Cari Fratelli, sappiate valorizzare ogni giusto apporto per annunciare e diffondere il Regno di Dio, testimoniando con gesti concreti la fraternità che genera la pace; la mansuetudine che accompagna la giustizia; lo spirito di comunione che rifugge dai personalismi; la carità che è paziente e benigna, non è invidiosa, non si vanta, non si gonfia, mai manca di rispetto, non cerca il proprio interesse, non si adira, non tiene conto del male ricevuto, si rallegra della verità e tutto crede, tutto spera, tutto sopporta per amore di Cristo (cfr 1 Cor 13,4-7). In tale contesto, si pone, altresì, la fraterna collaborazione con la Chiesa Ortodossa di Bielorussia, i cui Pastori condividono con voi la ricerca e l’impegno per il bene dei fedeli. Anche le Chiese Ortodosse, come la Chiesa Cattolica, sono fortemente impegnate a riflettere su come rispondere alle sfide del nostro tempo per trasmettere con fedeltà il Messaggio di Cristo. Accogliendo l’invito emerso nel recente incontro cattolico-ortodosso di Cipro, occorre intensificare il comune cammino in tale direzione. Un significativo apporto potrà essere offerto dalla piccola, ma fervente Comunità greco-cattolica presente nel Paese. Essa costituisce una testimonianza importante per la Chiesa e un dono del Signore.
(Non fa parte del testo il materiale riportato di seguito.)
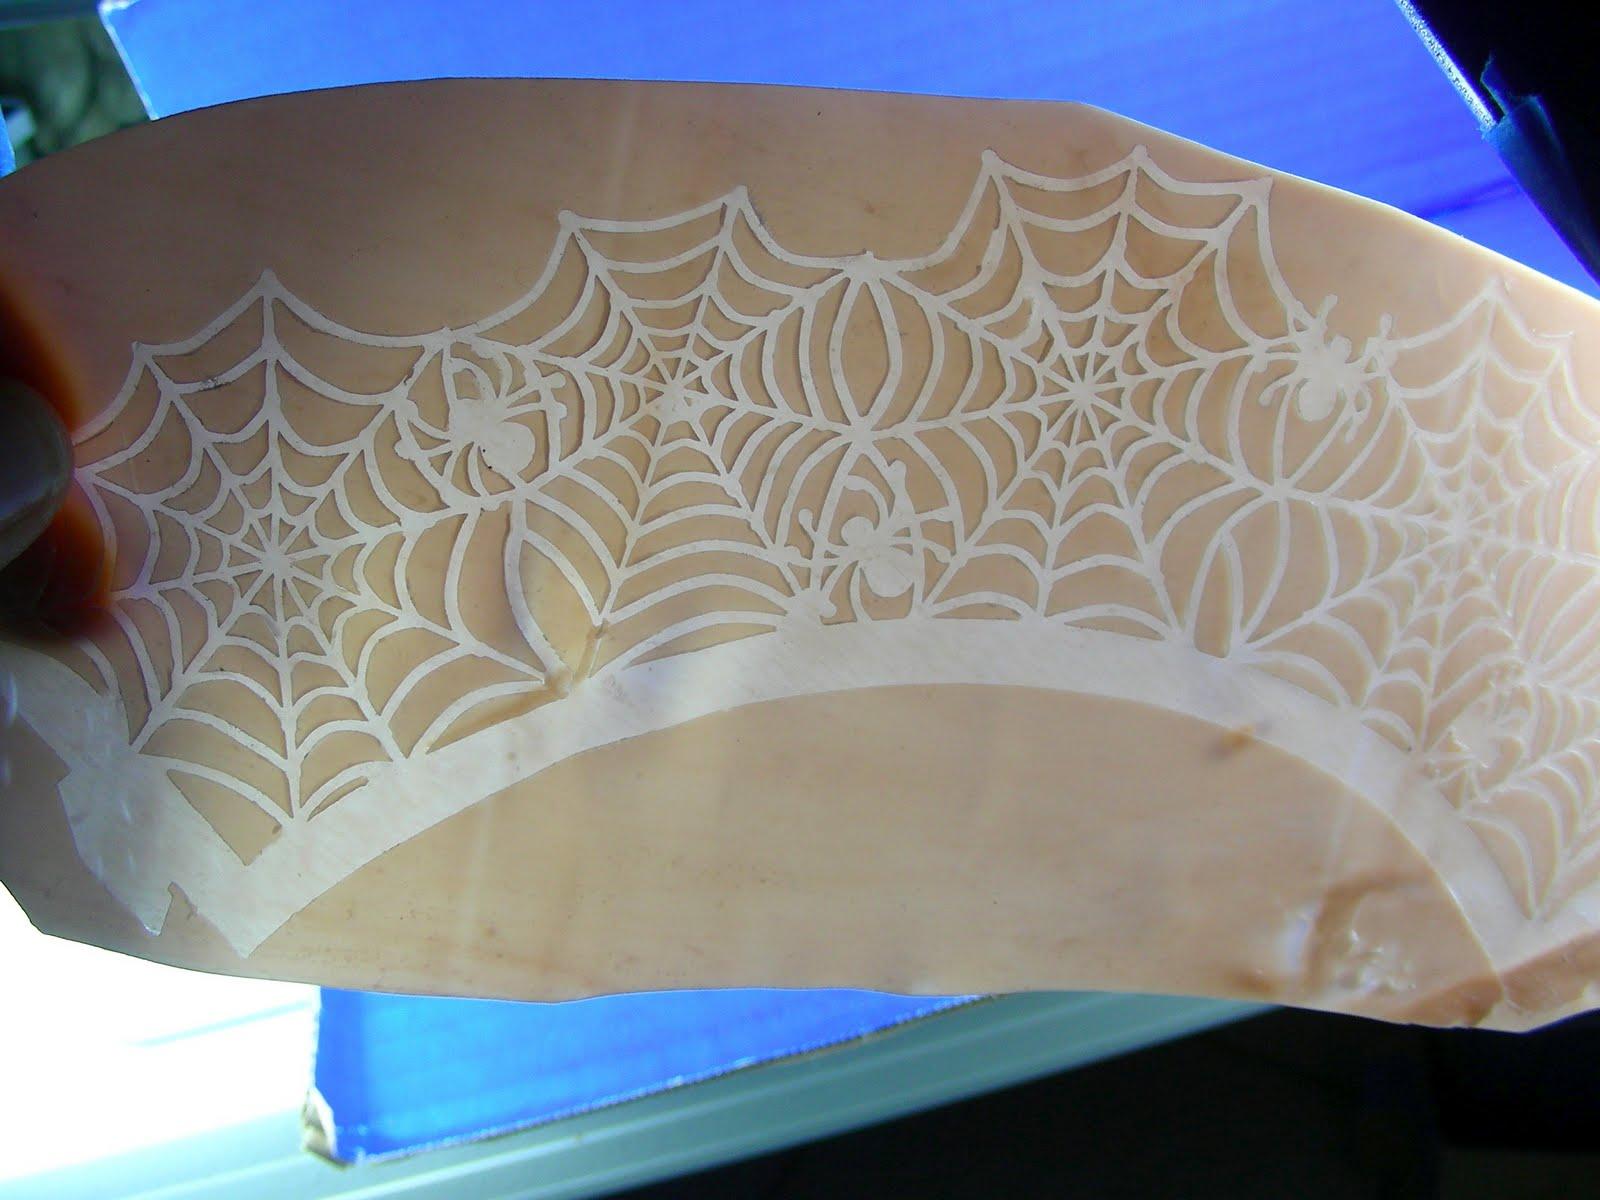 Marlene Brady: Texture Plate from Laser Cut Paper

Qualche mese fa ho ricevuto il Signor Presidente della Repubblica di Bielorussia. Nell’incontro, cordiale e rispettoso, è stata ribadita la volontà delle parti di stipulare un Accordo, di cui è in corso l’elaborazione. Inoltre, ho sottolineato la particolare attenzione con la quale questa Sede Apostolica, come pure la Conferenza Episcopale, seguono le vicende del Paese e l’impegno di fattiva collaborazione su materie di comune interesse, al fine di promuovere, nel rispetto delle competenze di ciascun ambito, il bene dei cittadini. Venerati Fratelli, rinnovando la mia gratitudine, invoco la Madre di Dio, così amata nella vostra Terra, affinché vi sostenga e vi guidi con la sua protezione. Con tali auspici e con particolare affetto imparto a voi, ai sacerdoti, ai religiosi, alle religiose e a tutti i fedeli una speciale Benedizione Apostolica, mentre assicuro il mio ricordo nella preghiera per tutto il Popolo bielorusso.